The Sniff Magnitude Test project, a creation that
was seven years in the making, was awarded a total of $1,340,098 from
the National Institutes of Health in developmental funding. UC
Psychology Professor Robert Frank says that in the near future, UC
researchers will begin testing five different prototypes of the SMT
built by WR Medical Electronics. Currently, Frank says an earlier model
of the SMT is being tested in a high-profile clinic in Germany as well
as at the University of Pennsylvania. Frank says the SMT customer base
would be primarily otolaryngologists and neurologists.

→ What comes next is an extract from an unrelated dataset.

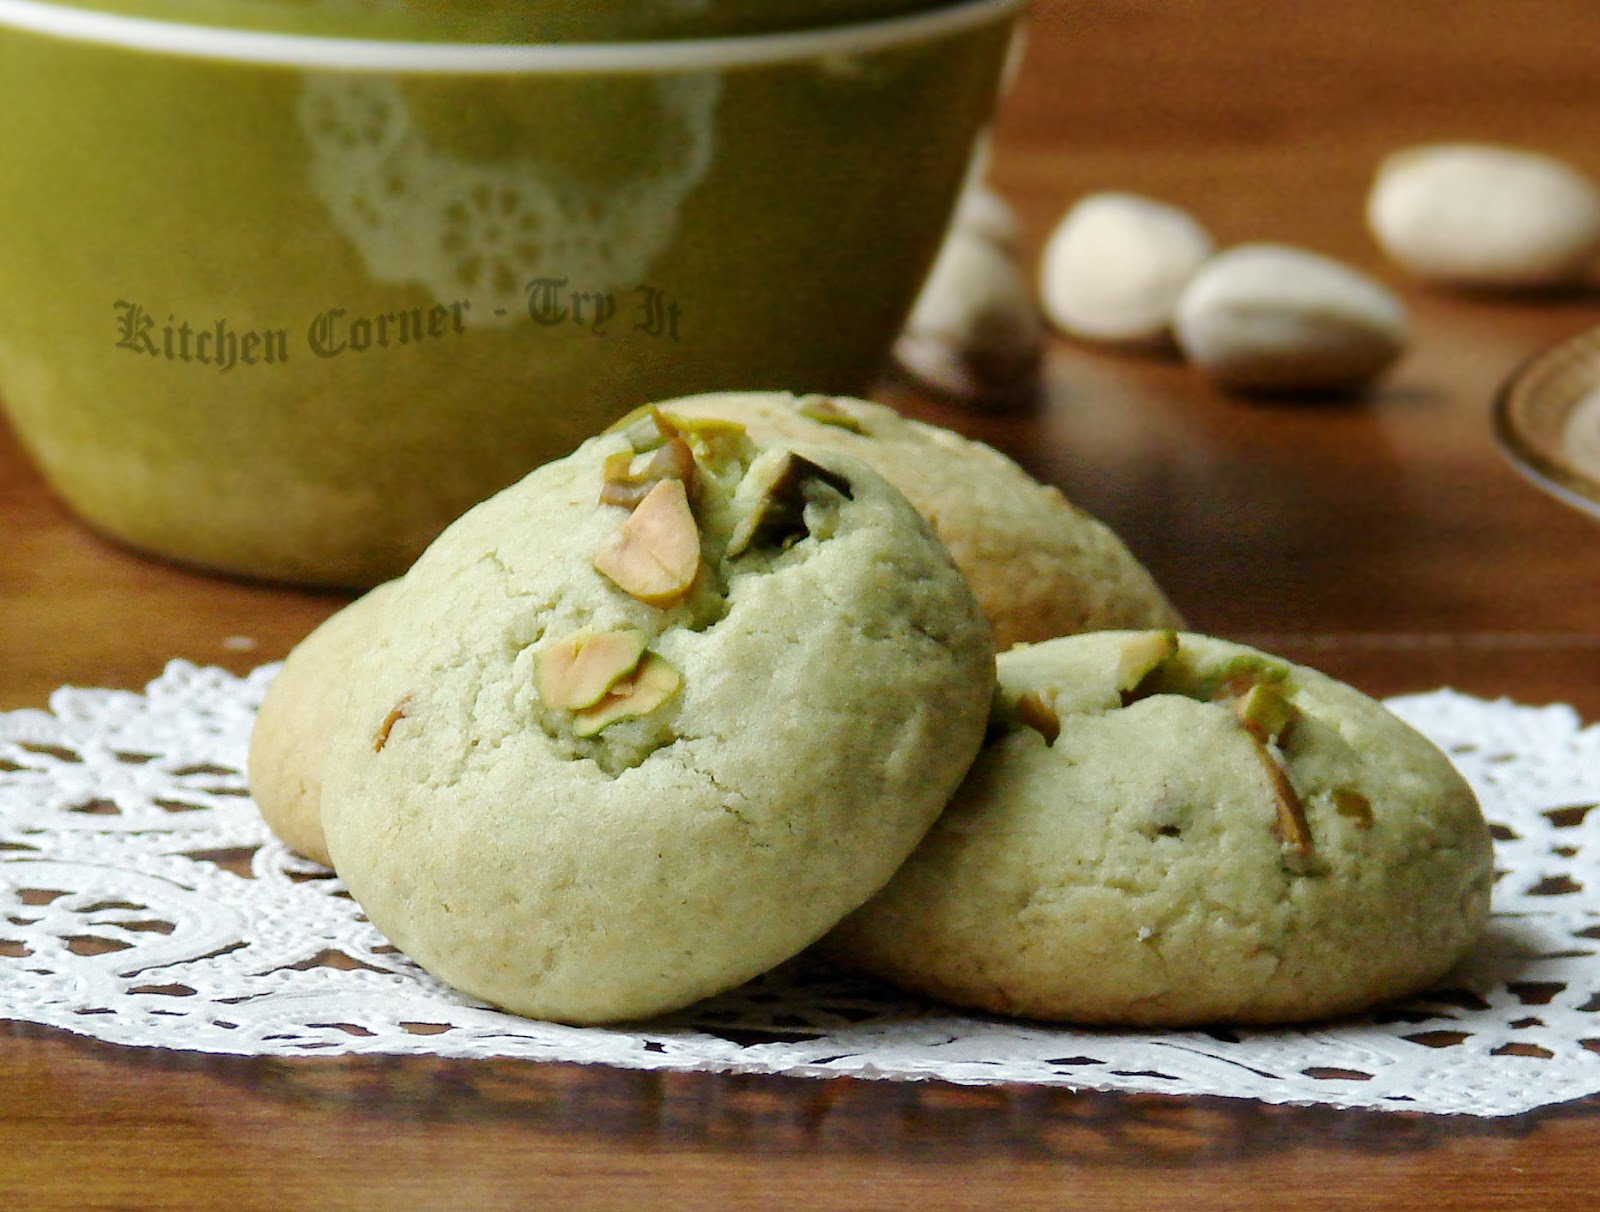 Pistachio Green Kitchen Cabinets
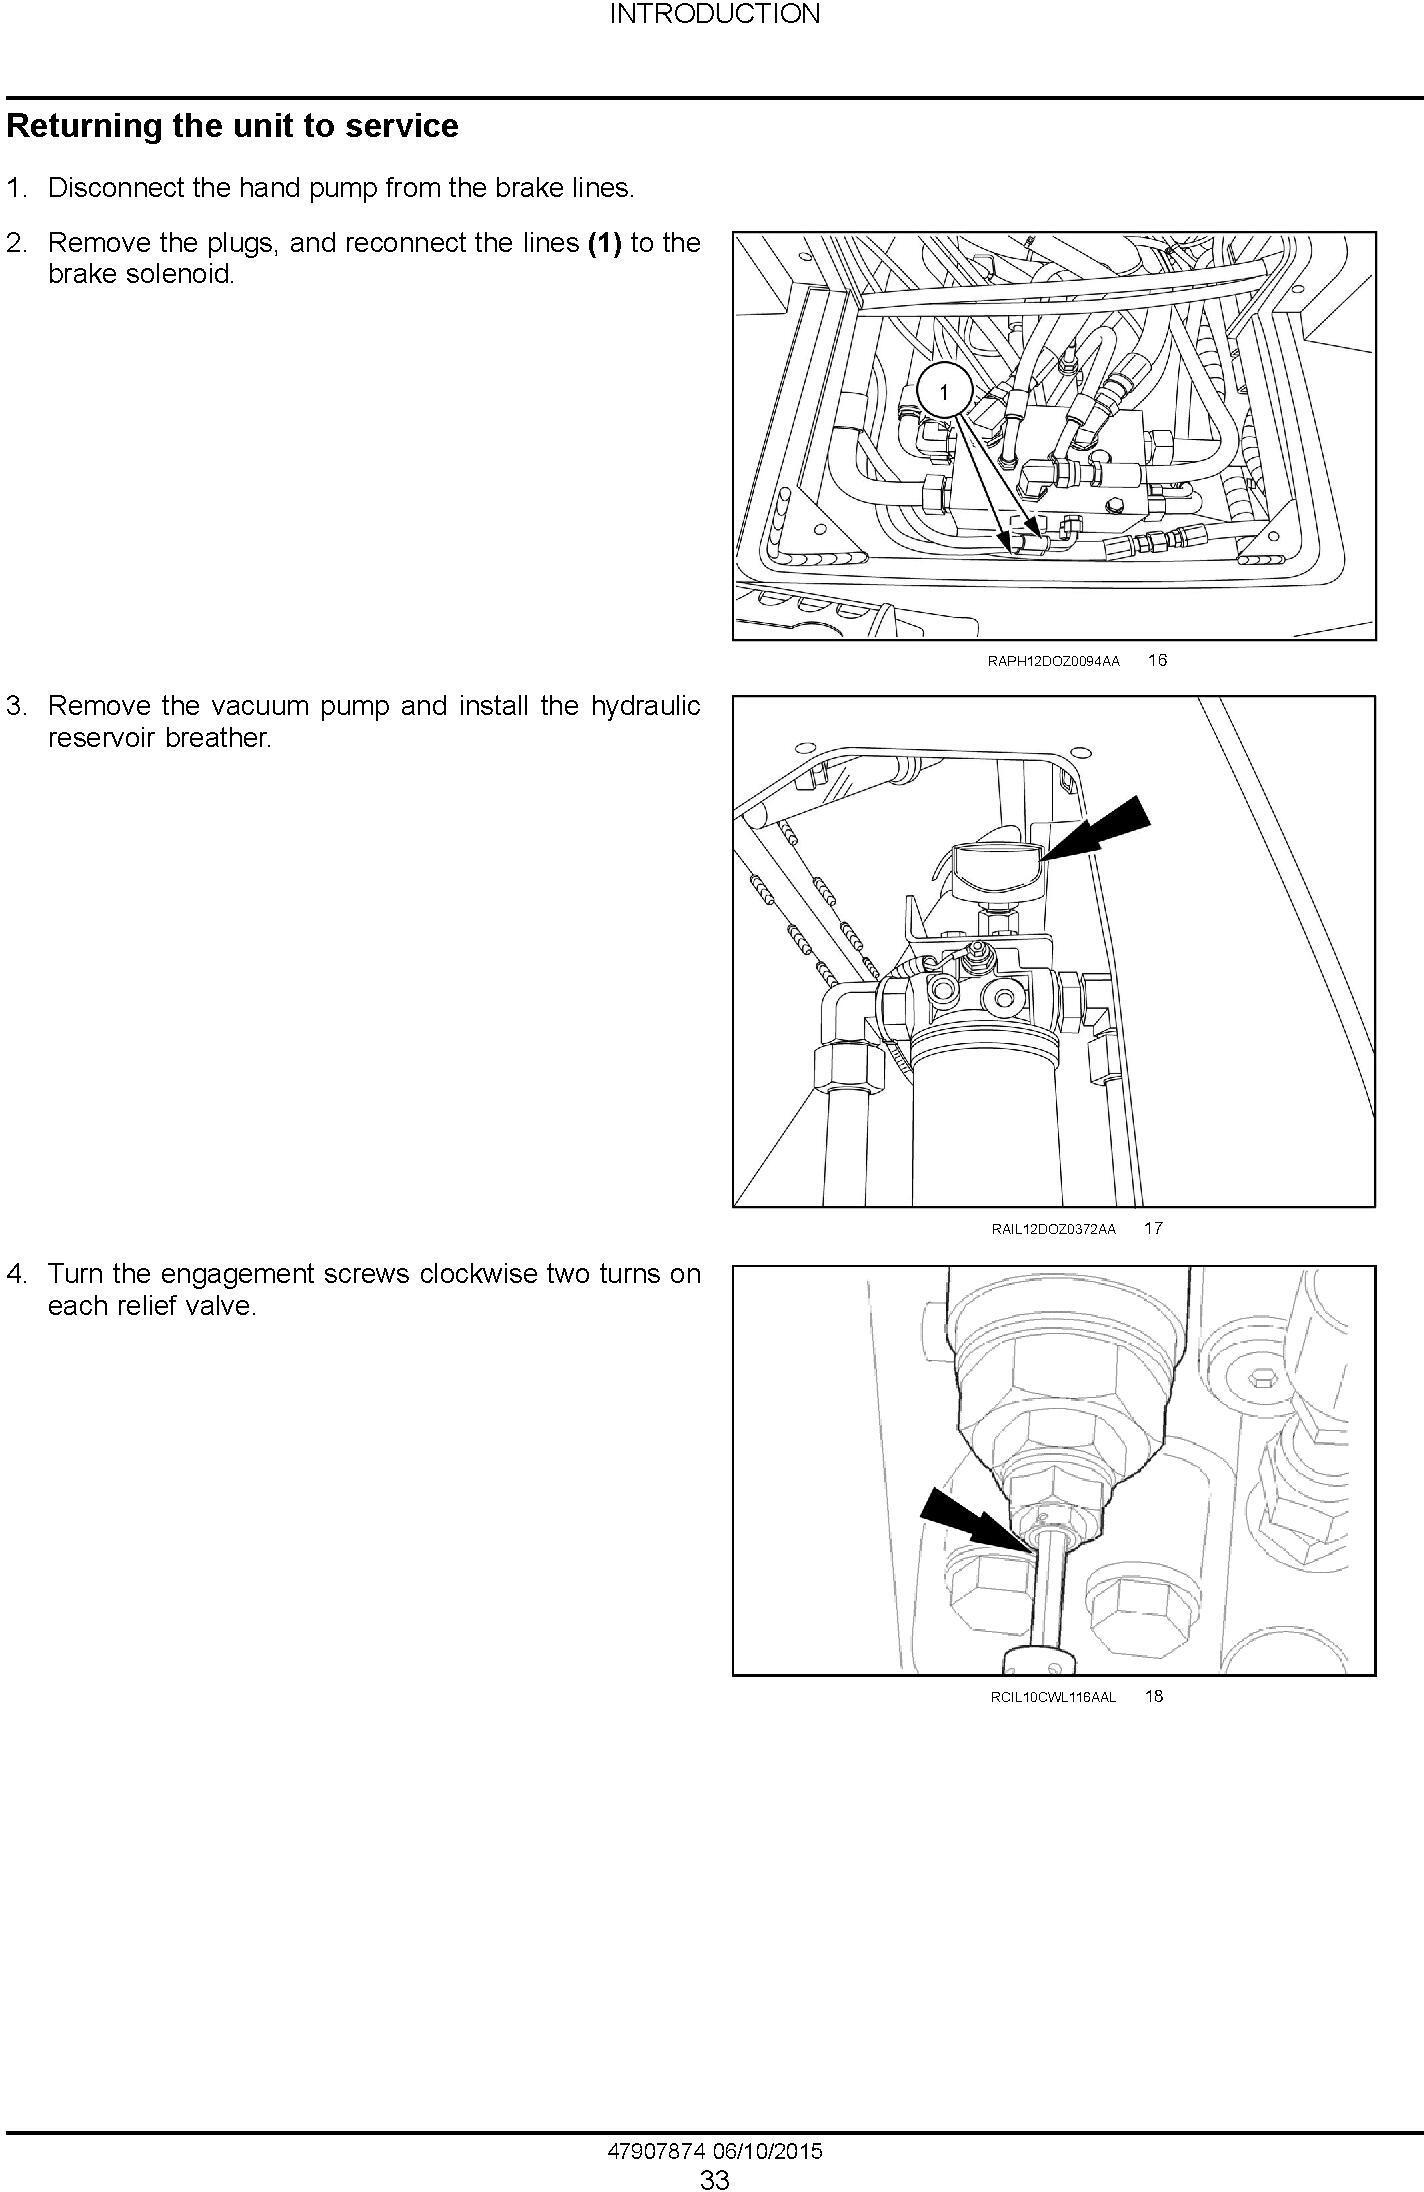 New Holland D125C Stage IIIB Crawler dozer Service Manual - 1

“The whole test is based on the very simple
observation that when you sniff and you detect a smell, you take a
smaller sniff than if you inhaled and didn’t detect a smell,” Frank
explains. “For someone with normal sense of smell, the size of the sniff
when detecting an odor is cut in half. For someone who cannot detect
odor, the size of the sniff for just air and the size of the sniff for
an odor are the same.”
In humans, Frank says the sense of smell is one of
our less robust senses. He says it’s more susceptible to harm because
there is less neurological machinery in the brain devoted to processing
the sense of smell. “So, that’s the reason it might be acting a little
bit like the canary in the mineshaft. Because it’s more fragile, when
you have insult to the brain, it may be sensitive to loss earlier in the
disease process.”
Frank adds that because smells don’t have to be
identified as part of the Sniff Magnitude Test, the test can be used on
adults as well as children (who may be too young to link a smell with a
name) and people representing international cultures (who are unfamiliar
with some common odors in the U.S.). “What’s also unique about this test
is that it does not require a good memory, which is an issue in testing
people with Alzheimer’s or some other dementia-related disease,” Frank
says. “For instance, other tests ask, ‘Does this smell like garlic?’ or,
‘Does this smell like tar, or roses?’ Once there’s a problem with
memory, this kind of test would be difficult.”
So what does it mean if a child, or someone
unlikely to have an age-related disease, flunks the sniff test? “If they
fail our test, that’s a pretty good indication that there’s something
wrong with their sense of smell. Maybe there’s an obstruction – a
deviated septum or polyps,” Frank says. “Perhaps the olfactory nerve has
been damaged due to a head injury or a viral infection.”
For those who are proud of their keen sense of
smell, this is not a test to tickle their senses. Because the really
nasty smells worked best for the Sniff Magnitude Test, Frank says the
test subjects get a whiff of three odors: a blend of ripe cheese and
rancid meat, a fragrance that combines a burning smell with a skunk-like
smell, and amyl acetate, which smells like banana. “You have to get
people to really suppress the sniff and that’s why the bad odors work so
well,” explains Frank. “To a certain extent, we put the banana smell in
there to give them a little break.”
Frank adds that his current research is exploring
the patterns of loss of smell that could be an indicator of Alzheimer’s.
He says the Sniff Magnitude Test is also getting a look by researchers
at the Rush University Medical Center in Chicago as part of a major
epidemiological study on aging, Alzheimer’s disease and sense of smell.